I was wondering if anyone has any plans for a 50 chicken coop or pictures of some. Not looking for a fancy one just one that would d the job.


----------



## Bearfootfarm (Jul 13, 2006)

Most any type of building around 200-250 sq ft or larger would work.
The easiest is a simple shed type.

The one on the right in the second picture is about 100 years old, and the newer one is just an extension of the same design that I did last year.

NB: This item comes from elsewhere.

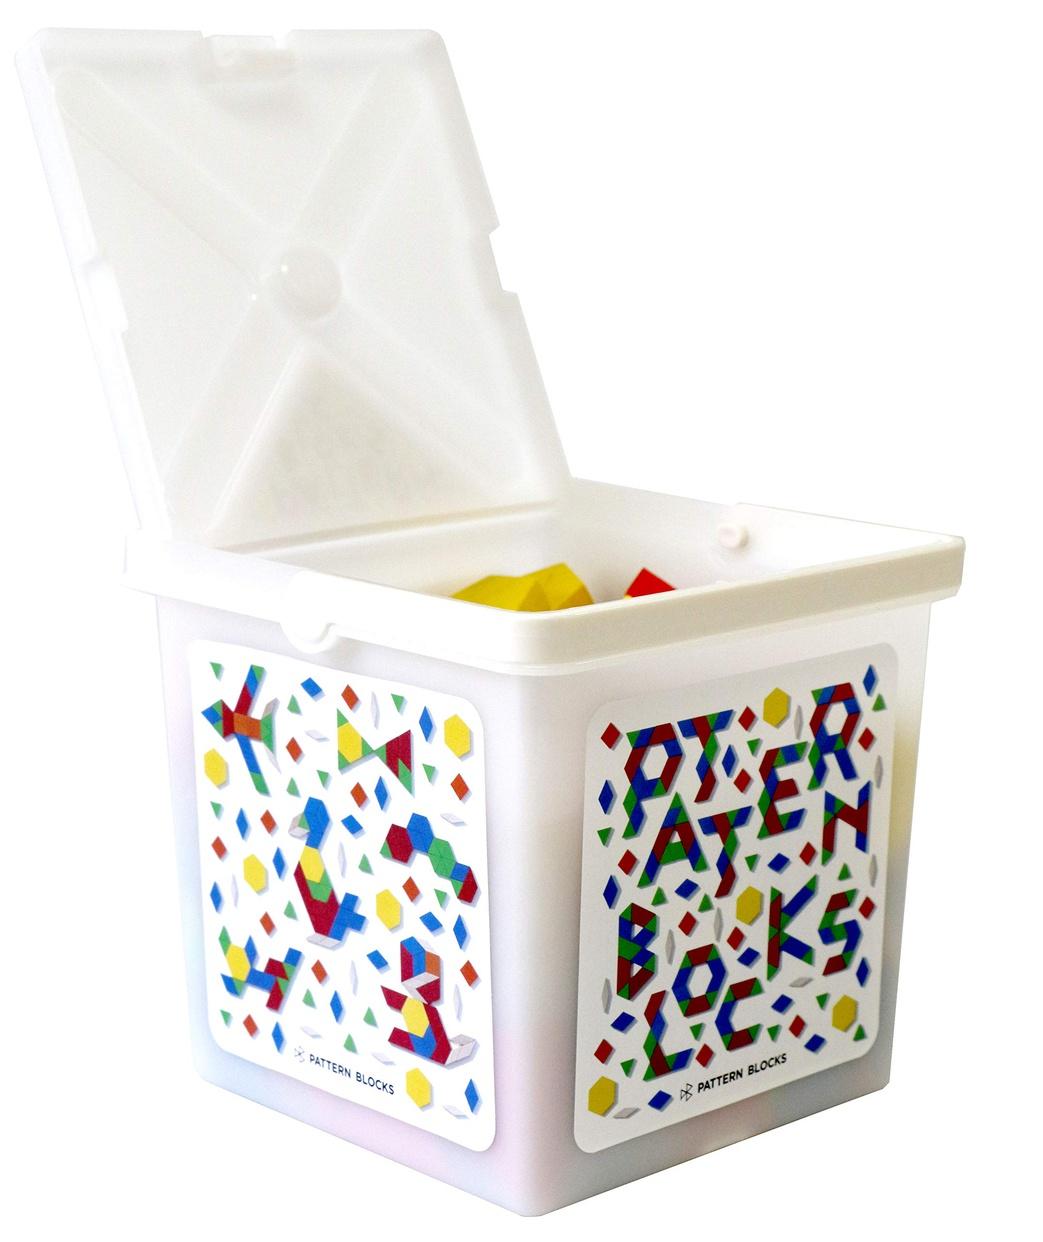 東洋館出版社 パターンブロック タスクカードセットの商品画像3

They are each 8 X 12, and about 8 ft tall in front, 6 ft tall at the rear:


----------



## chickenslayer (Apr 20, 2010)

Is that pressure treated plywood? that's got to be pricey


----------



## davel745 (Feb 2, 2009)

http://bioengr.ag.utk.edu/Extension/ExtPubs/Plans/6188.pdf 
a smaller one http://bioengr.ag.utk.edu/Extension/ExtPubs/Plans/6187.pdf


----------



## Bearfootfarm (Jul 13, 2006)

> Is that pressure treated plywood? that's got to be pricey


Yes

It was $25 a sheet, but with the humidity here I felt it was worth the extra.
I think it was only 6 or 7 dollars more than CDX plywood at the time

I plan to put some sort of siding on it eventually.
I did the older one with shingles

The original building was rough cut Pine and Cypress, and has a cement floor and is in pretty good shape for it's age

The new addition is a dirt floor


----------



## lonelyfarmgirl (Feb 6, 2005)

Our chicken coops are two full size Chevy vans. Now they don't have an enclosure around them, but we could erect one if we wanted. They serve half a dozen turkeys, 10 or so guineas, and 75-100 chickens. I counted in one van one day and I think on the perches they were shoulder to shoulder at around 60 birds.


----------